I've fixed Fontconfig error by properly capitalizing DOCTYPE and SYSTEM and using double quotes:

<?xml version="1.0"?> <!DOCTYPE fontconfig SYSTEM "fonts.dtd">

"You won't find nearly as many online resources about setting up OpenBSD, because honestly, you really don't need any. "

That was the the last thing I wanted to read when wondering if openbsd will fit on my Ryzen machine.

You don't need a third party blog, it's in the documentation[1]: "All versions of the AMD Athlon 64 processors and their clones are supported."

The other drivers are the ones you need to worry about -- check the man pages, which list the supported hardware. For example: https://man.openbsd.org/radeon.4

The attitude isn't "You shouldn't need documentation". The attitude is "OpenBSD should ship with documentation good enough that nobody feels the need to write up the results of sleuthing around".


Thanks, I'll check that out.

Ryzen works great, and will likely improve over time. The Vega GPU that accompanies some models is unsupported, however, if you can get a slightly older AMD card things will be better on the graphics side, but this is only important if you care about some light gaming or desktop frills.

My OpenBSD Ryzen build:


A small detail, why do we still have to specify the blocksize (bs=1m) to dd.

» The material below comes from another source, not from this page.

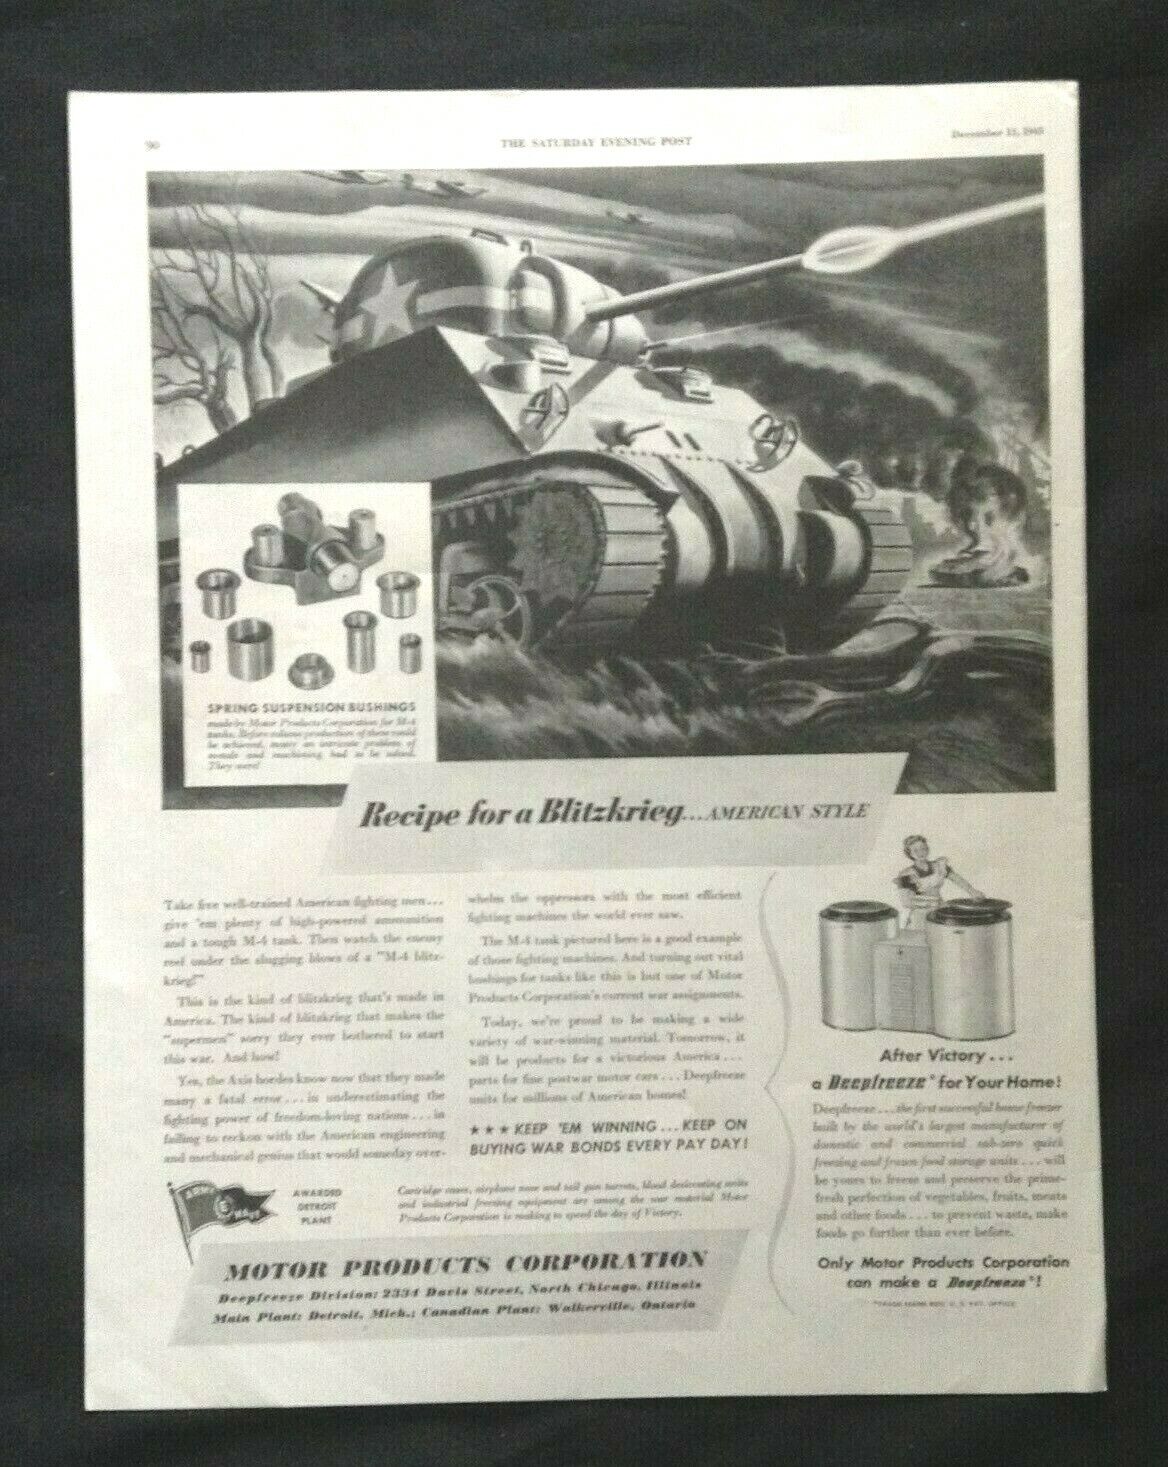 1943 VTG WWII Blitzkrieg M-4 Tank Print Ad ~ Motor Products Walkerville Ontario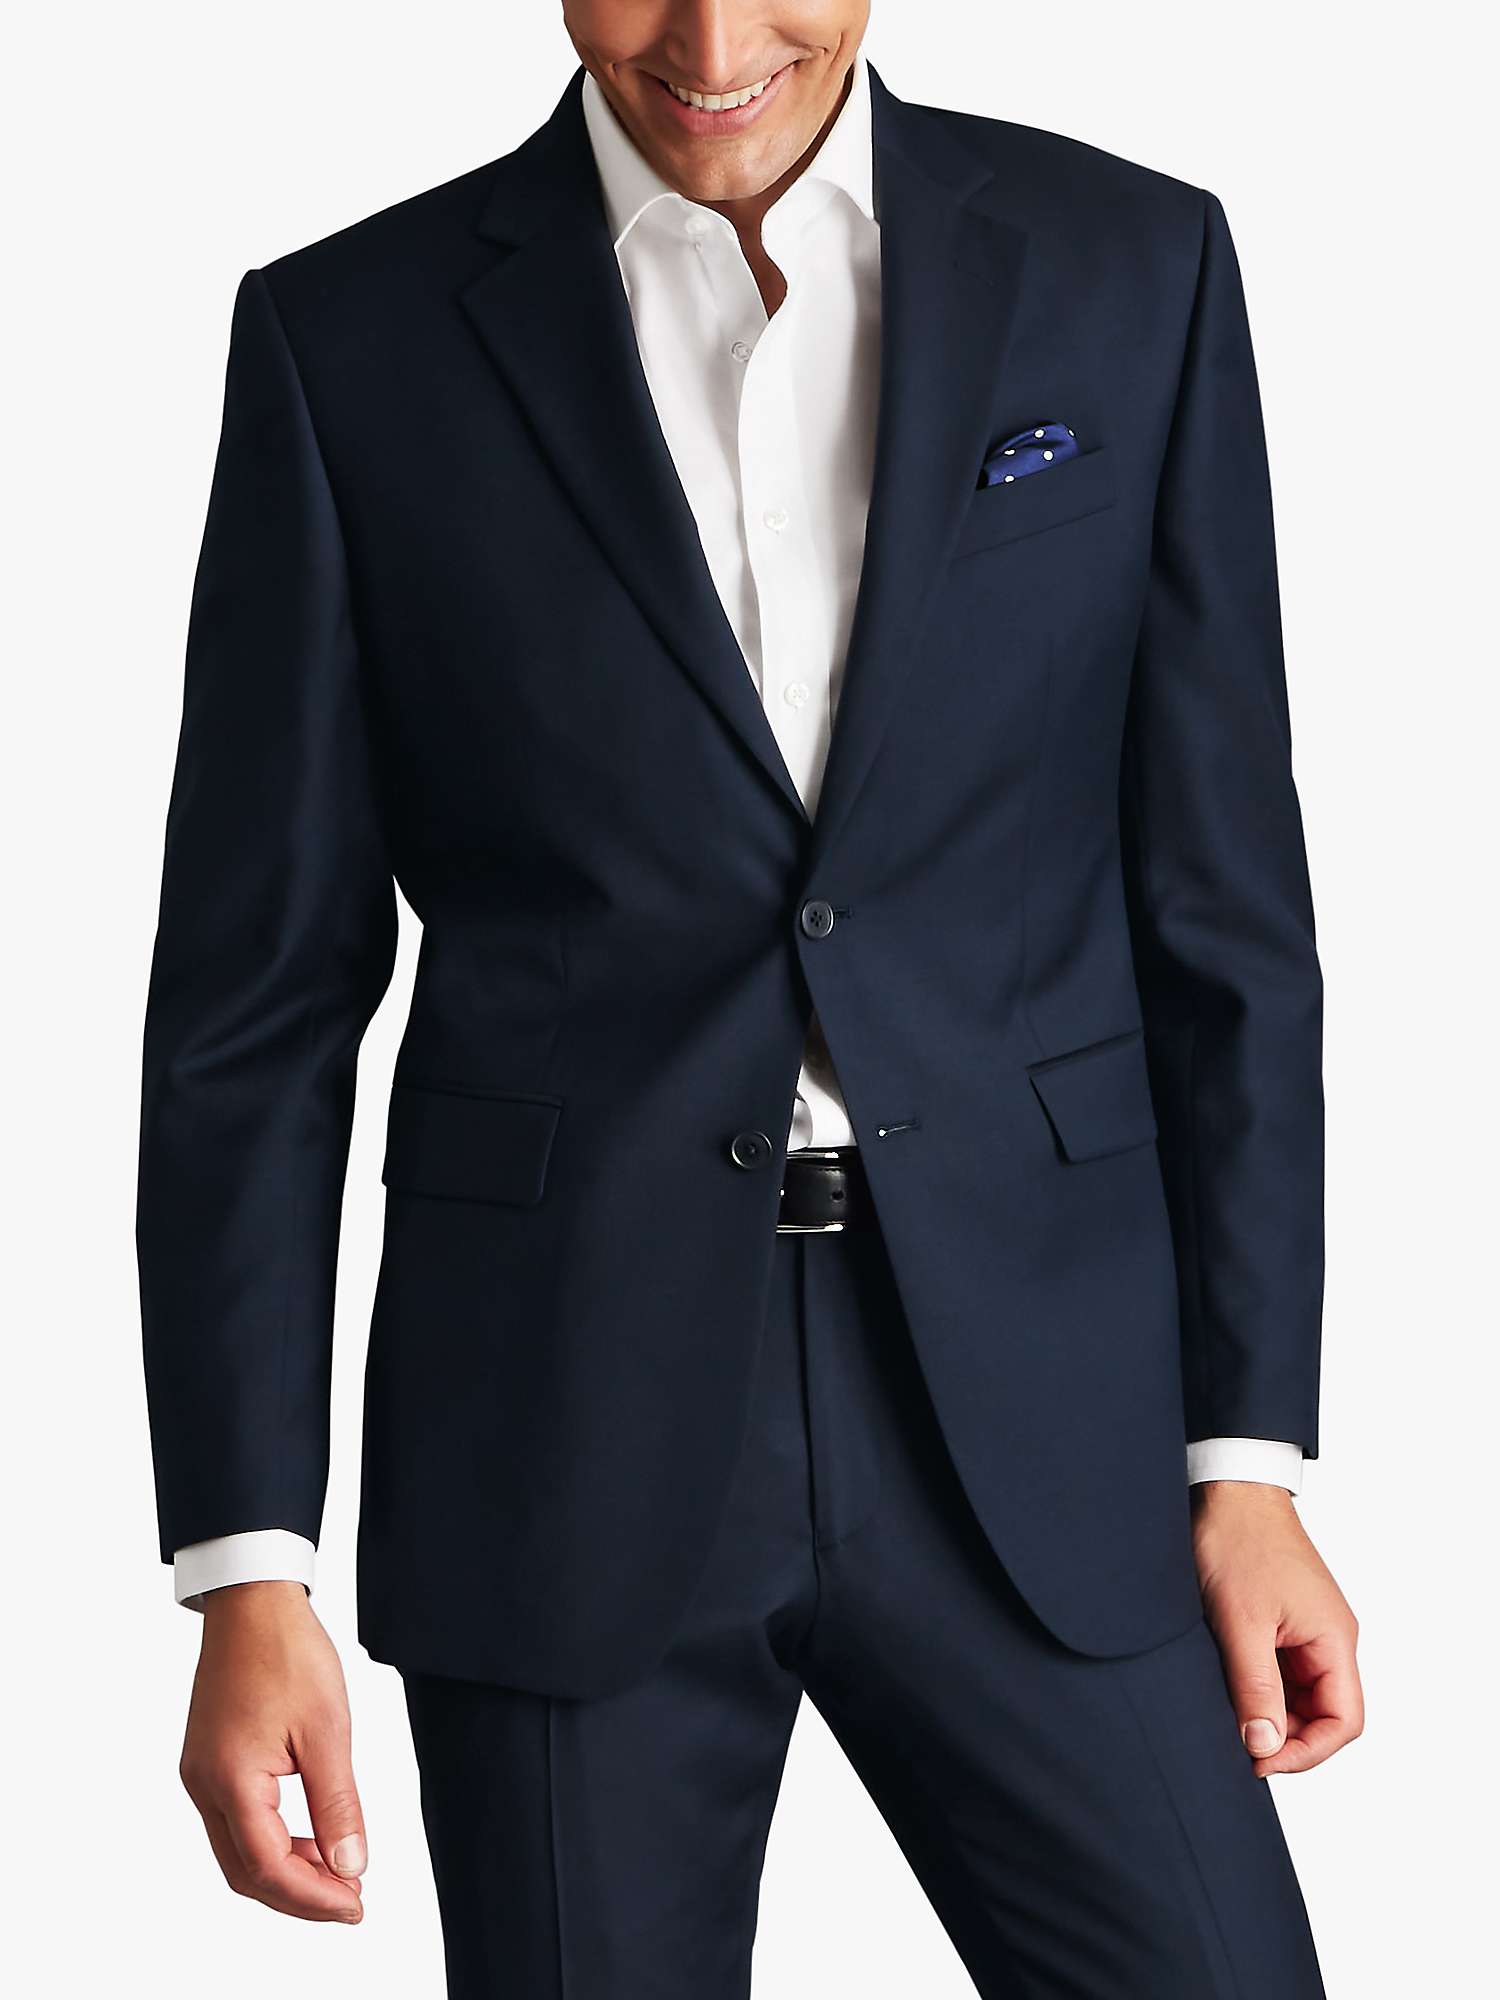 Buy Charles Tyrwhitt Natural Stretch Twill Suit Jacket Online at johnlewis.com

Can't it have a better default than 512 bytes.

In most cases, 128k is actually the optimal block size, and is (microscopically) faster than 1m. And also uses a tiny bit less ram.

Seems like a good default. I was expecting tons of comments telling me that it had to stay at .5 K for various arcane reasons.

I can't even imagine the suffering with broken shell scripts if the defaults change.